WHAT IS EXPECTED - Skip the pictures. Transcribe the rest of the data below without changing a word.

COLLECTED MATERIAL -
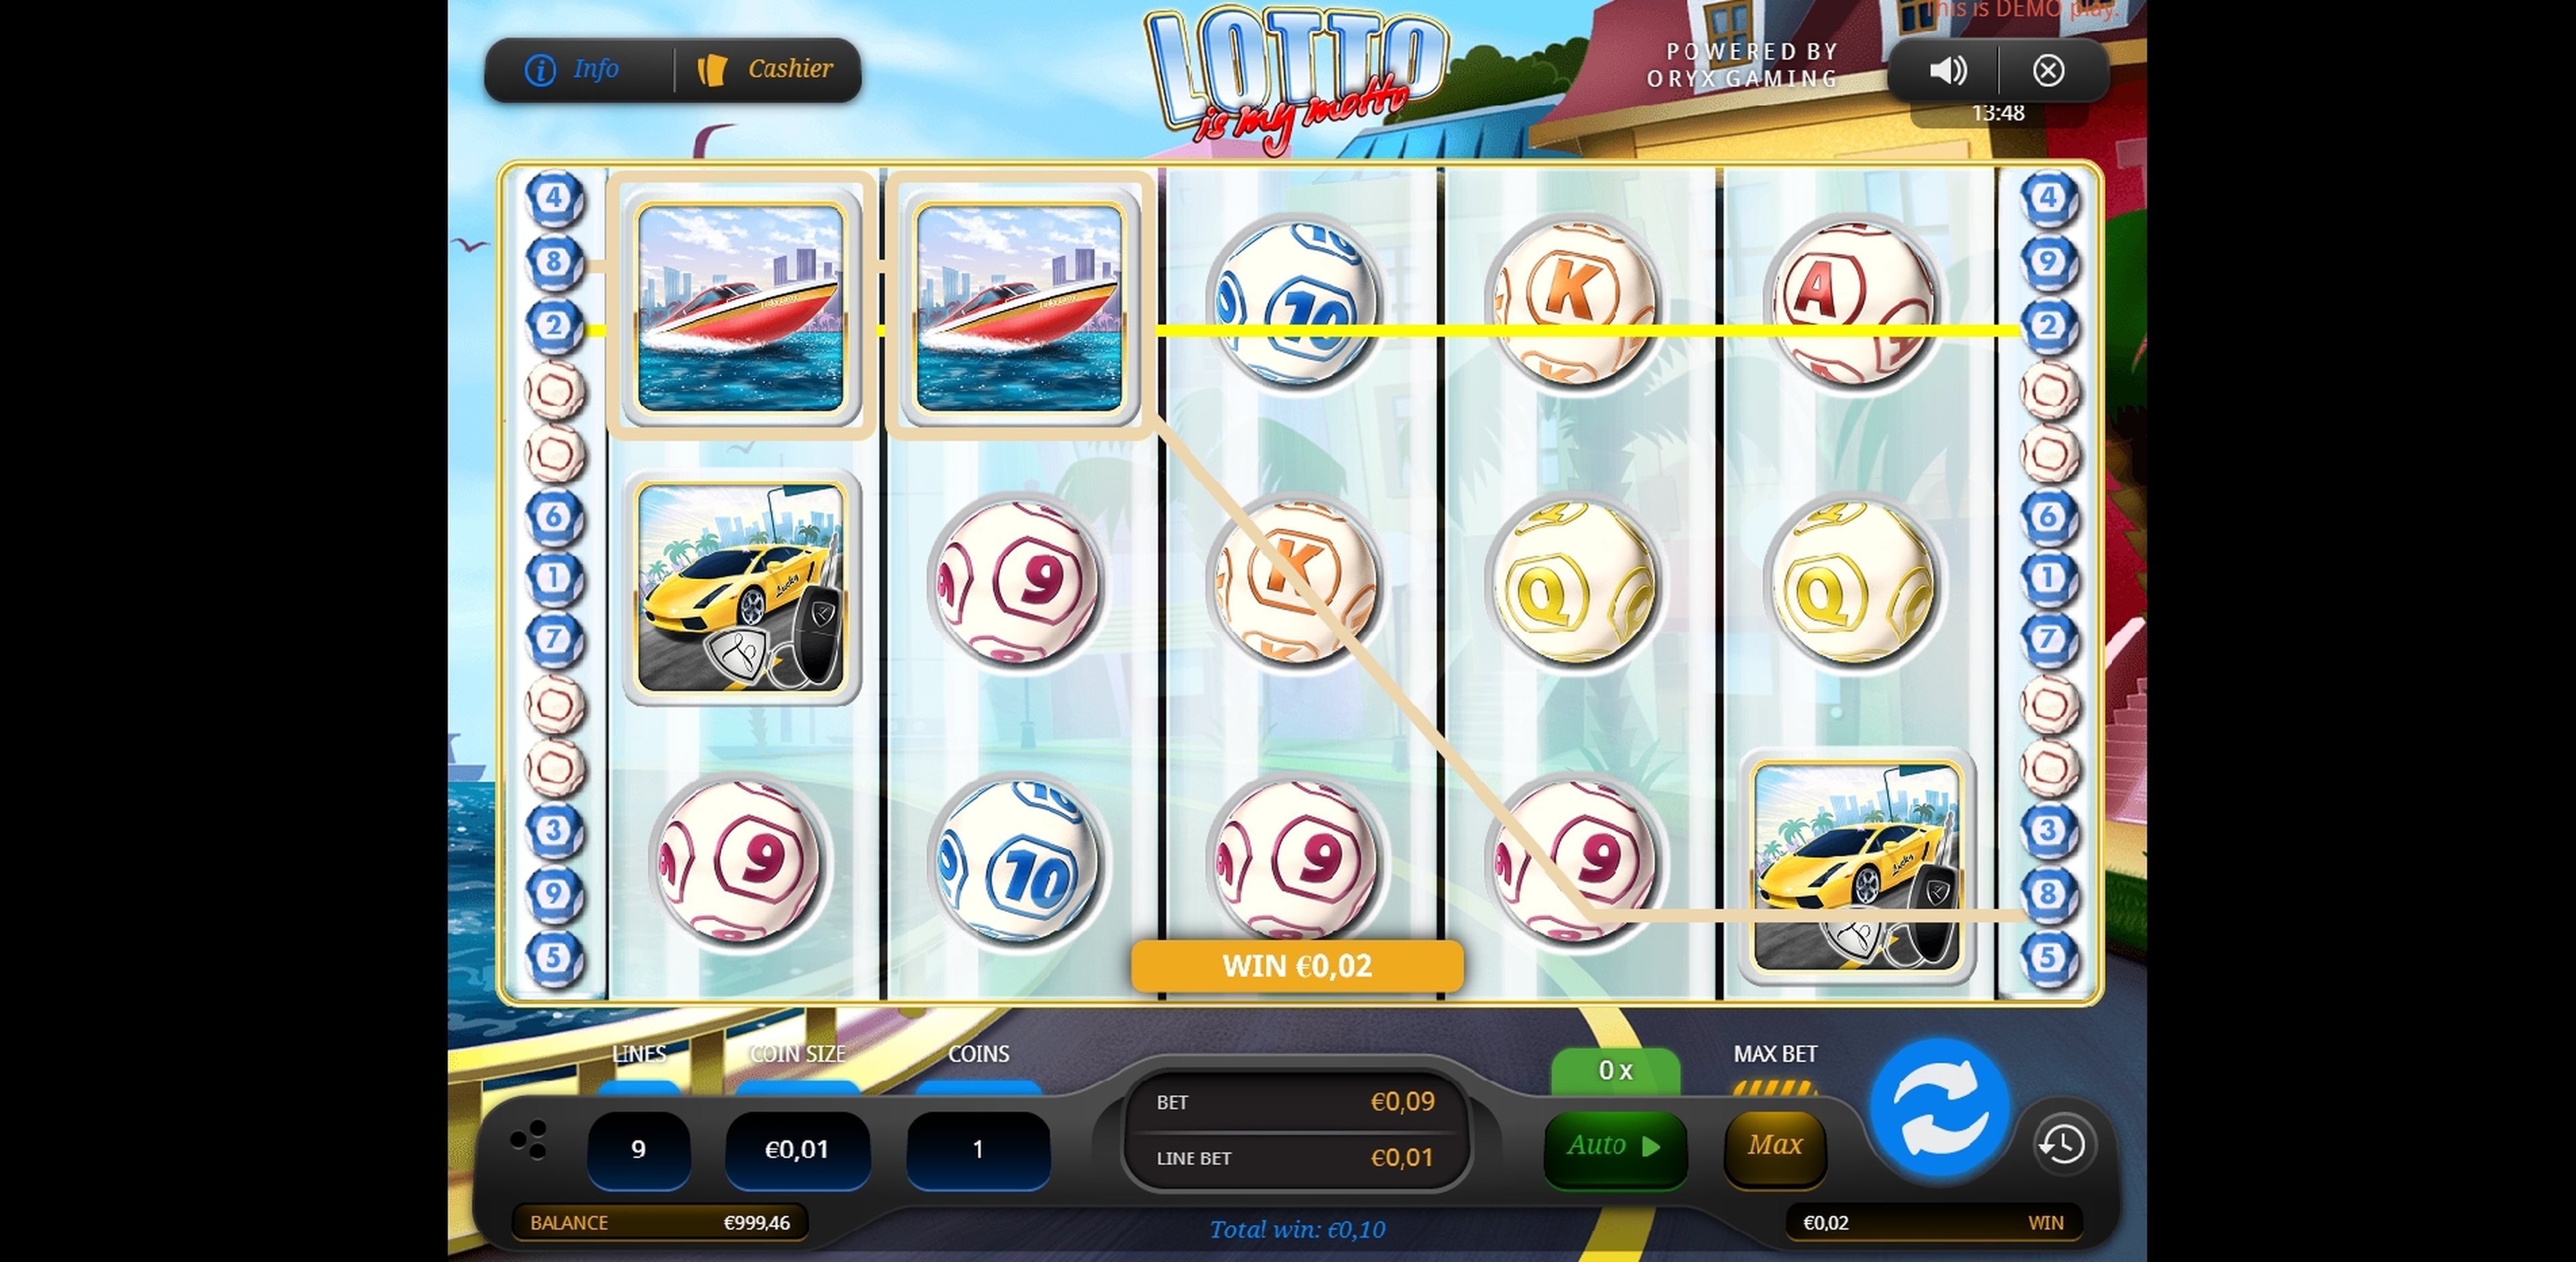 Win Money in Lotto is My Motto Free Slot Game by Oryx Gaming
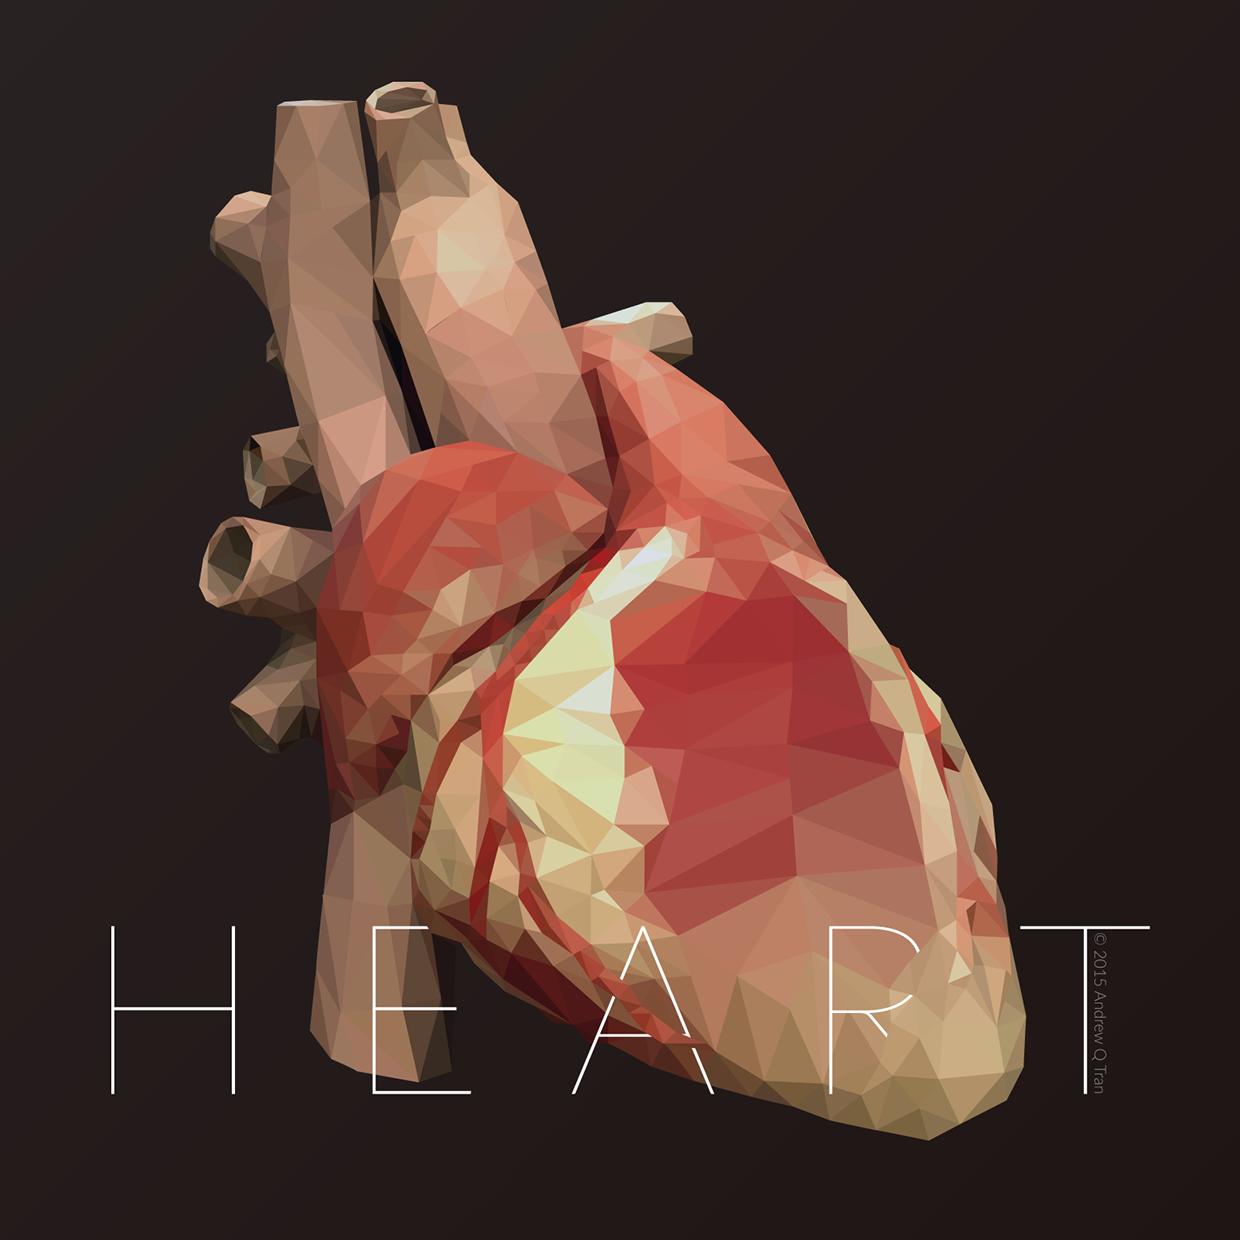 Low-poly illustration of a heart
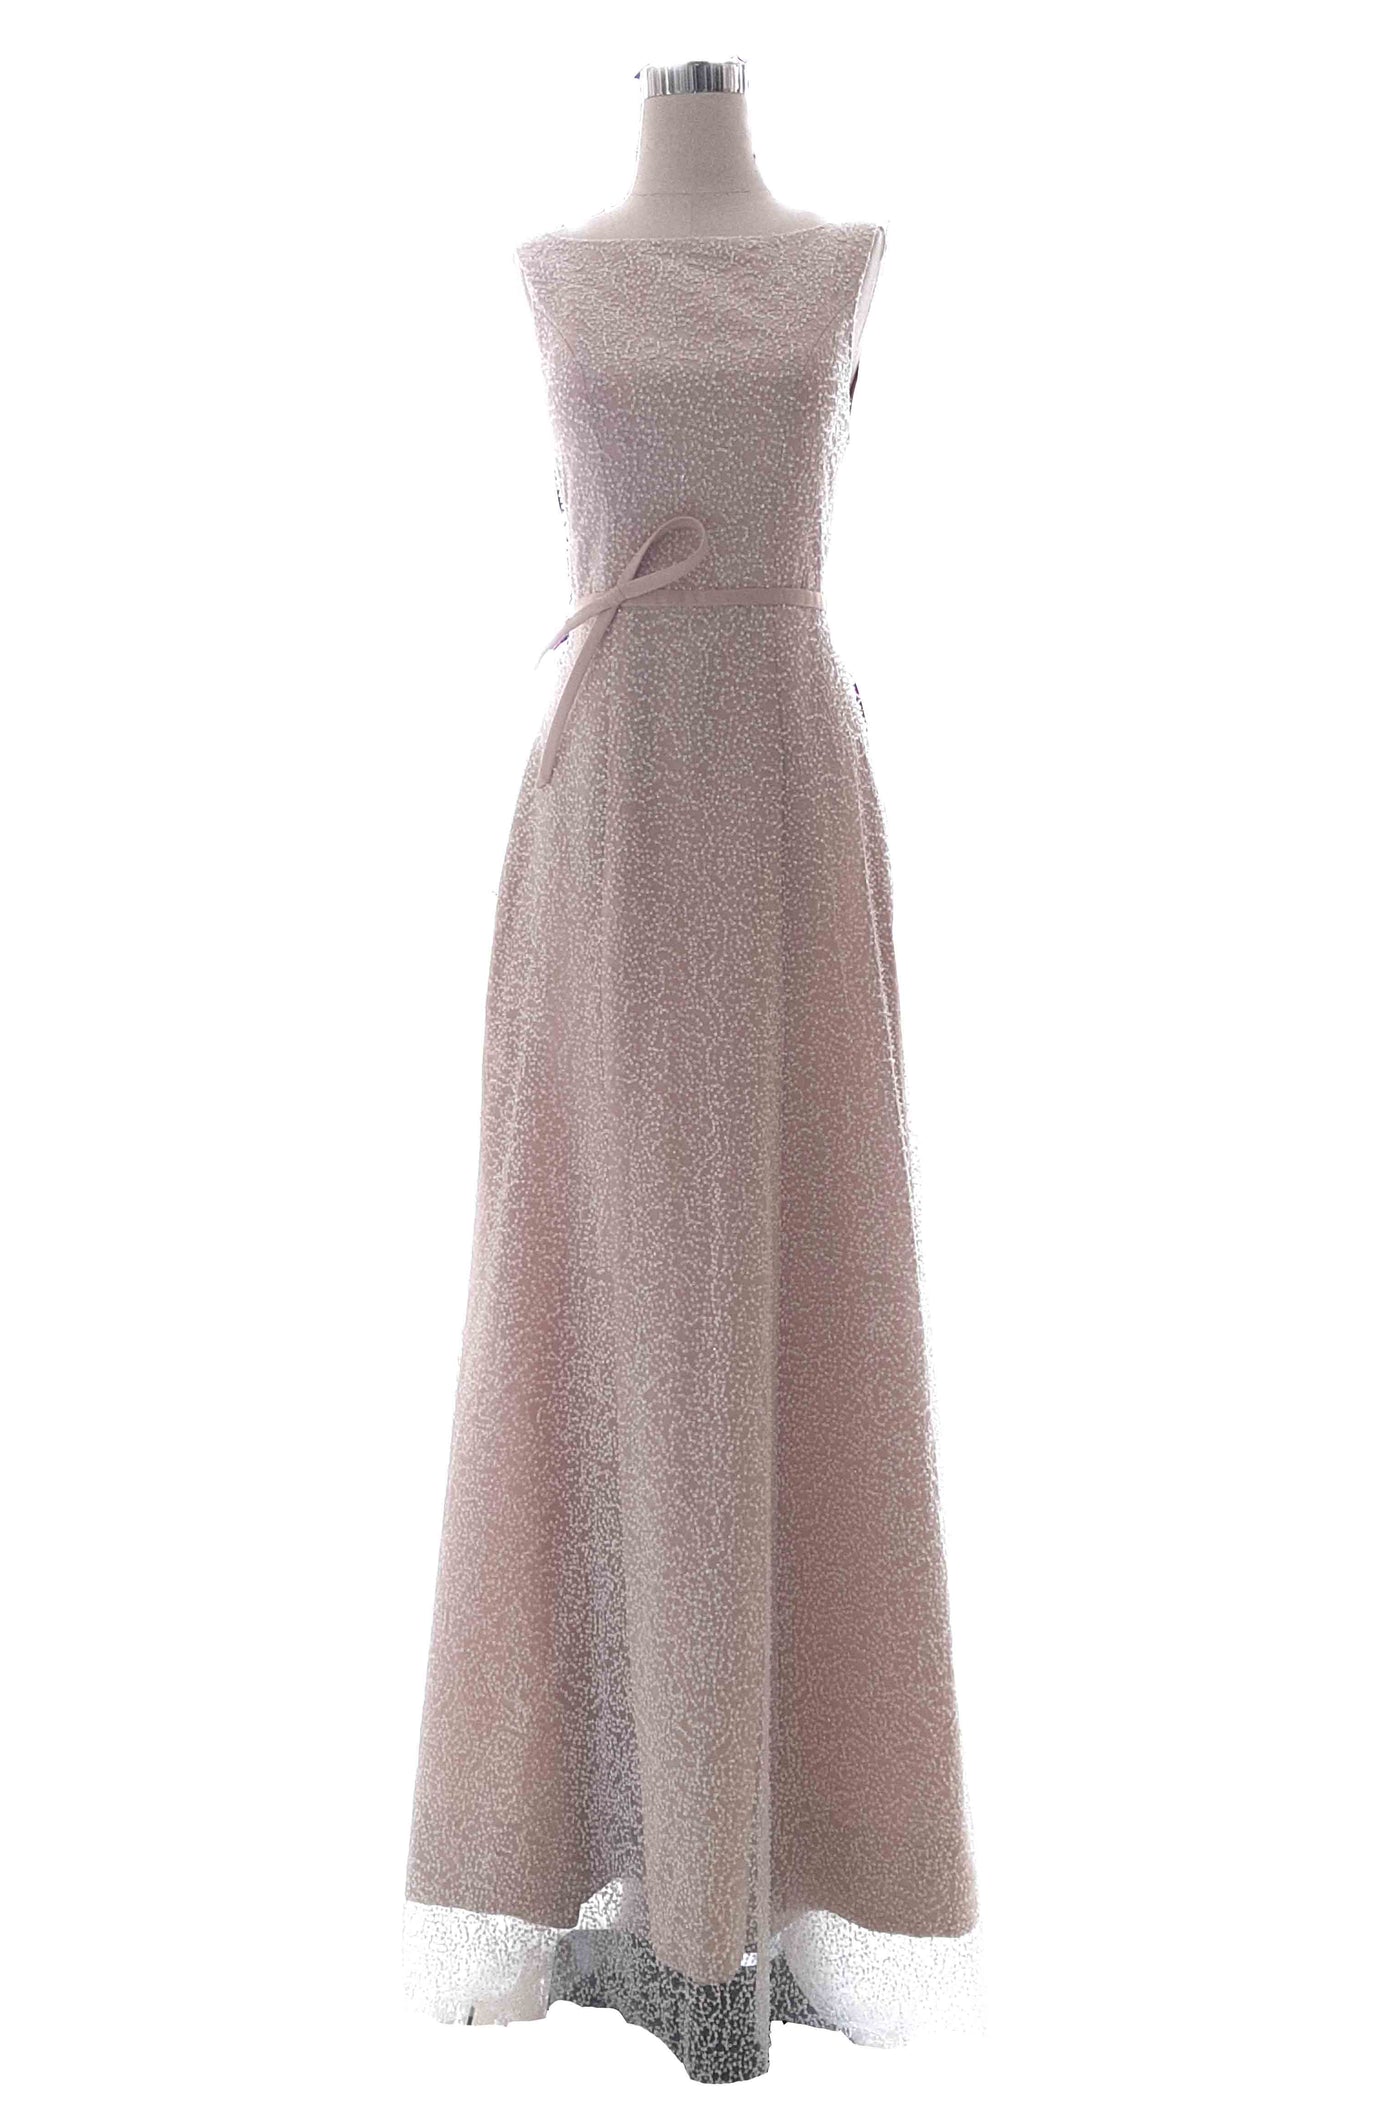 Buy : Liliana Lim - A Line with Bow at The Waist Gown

FINISHED EXERCISE -
 Win Money in Lotto is My Motto Free Slot Game by Oryx Gaming
 Low-poly illustration of a heart
 Buy : Liliana Lim - A Line with Bow at The Waist Gown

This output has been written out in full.